Alexa Griffith Winton

In 1957, the Pomona Tile Company announced a new line called the Distinguished Designer Series. It featured patterned tiles from five noted mid-century creatives: Dorothy Liebes, designer Saul Bass (best known for his work on motion picture credits), industrial designer Paul László, furniture designer Paul McCobb, and artist Millard Sheets. Each tile was six by six inches and designed to withstand both domestic and commercial applications. [1] 

The promotional brochure announcing the project stated, “Working under special assignment from Pomona Tile Manufacturing Company, five distinguished contemporary designers—Liebes, McCobb, Bass, László, and Sheets—have opened the way for scores of beautiful new uses and applications of decorative tiles for both residential and commercial construction.”  

Liebes’s multicolor Kashmir design came in three colorways: a vibrant jewel-toned palette, a blue-green similar to the palette of her Persian Room and SS United States textiles, and a warmer palette of oranges, browns, and ochres. Each tile had stripes of different colors with a black screen on top meant to simulate the nubby textures of Liebes fabrics.  

Like the earlier Liebes Weaves line for United Wallpaper, these tiles are among a broad range of consumer products Liebes designed. Offered at low prices, they made owning a bit of Liebes a possibility for Americans with more modest household budgets.

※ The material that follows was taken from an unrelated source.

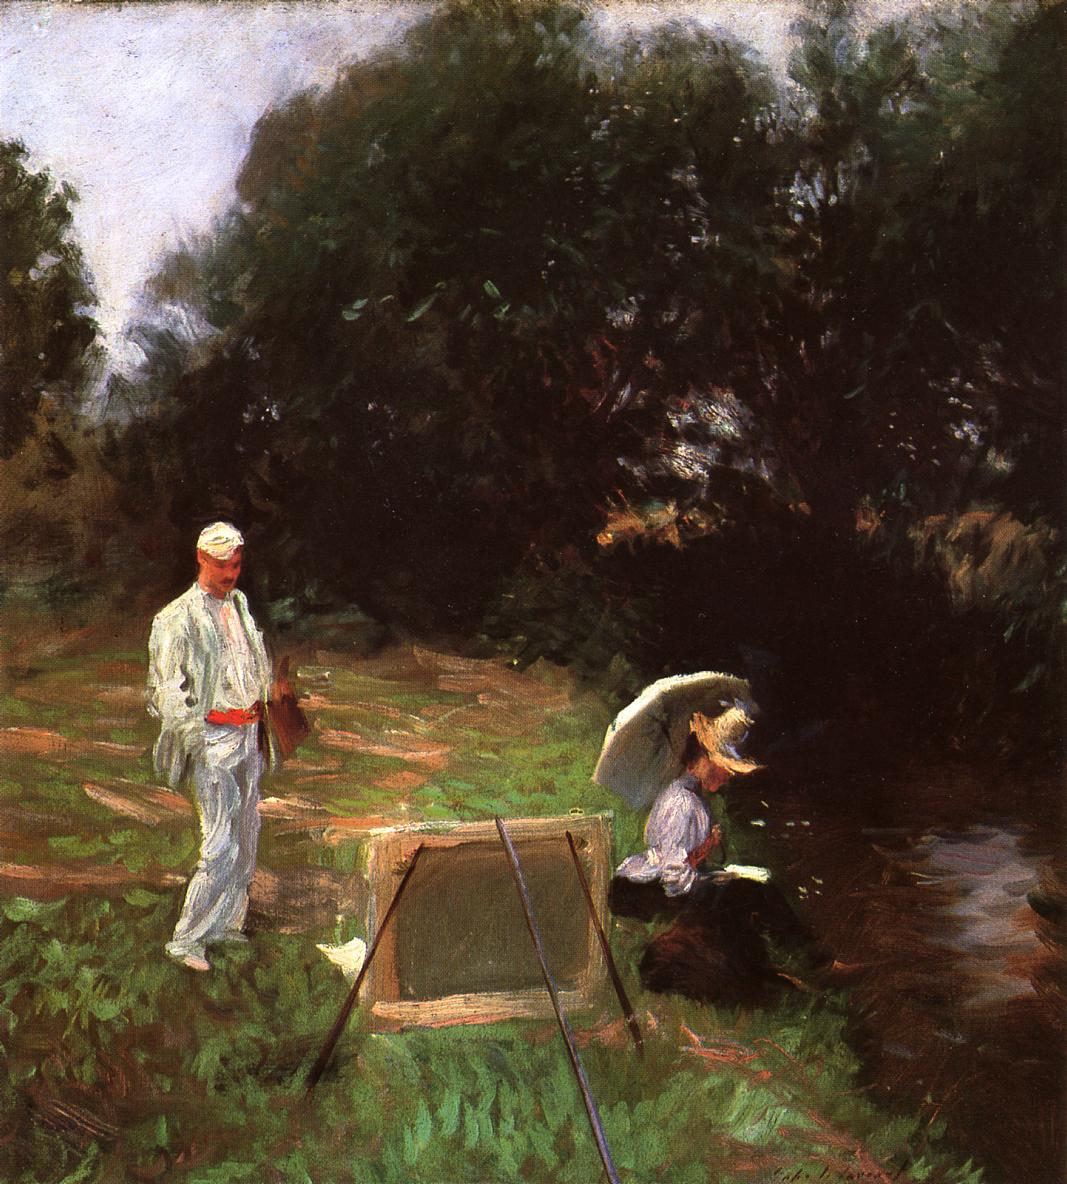 Dennis Miller Bunker Painting at Calcot 1888 | John Singer Sargent | Oil Painting

The design nods toward the core tenets of Liebes’s design philosophy—design, color, and texture—while providing a smooth, durable, and cleanable surface that required none of the maintenance of Liebes textiles. 

NOTE

[1] Dorothy Liebes Studio Scrapbook, 1958. Series 8, Box 32, Folder 2, Dorothy Liebes Papers, Archives of American Art, Smithsonian Institution, Washington, DC. 

Four glazed stoneware tiles in three separate colorways; black overglaze designs on each tile imitate textures found in Liebes fabrics.

Fig. 1 Four tiles in three colorways from Kashmir, Dorothy Liebes’s design for Pomona’s Distinguished Designer Series, 1957; Private collection; Photo by Matt Flynn © Smithsonian Institution


Alexa Griffith Winton

Alexa Griffith Winton is a design historian and educator. She is currently Manager, Content + Curriculum at Cooper Hewitt, Smithsonian Design Museum. She has researched and published on the work of Dorothy Liebes for over ten years. Griffith’s work has been published in scholarly and popular publications, including the Journal of Design History, Dwell, Journal of the Archives of American Art, and the Journal of Modern Craft.  She co-edited A Dark, A Light, A Bright: The Designs of Dorothy Liebes (Cooper Hewitt and Yale University Press, 2023) with Susan Brown. She has received research grants from the Graham Foundation, the New York State Council for the Arts, Center for Craft, Creativity and Research, Nordic Culture Point, and the Beverly Willis Architecture Foundation.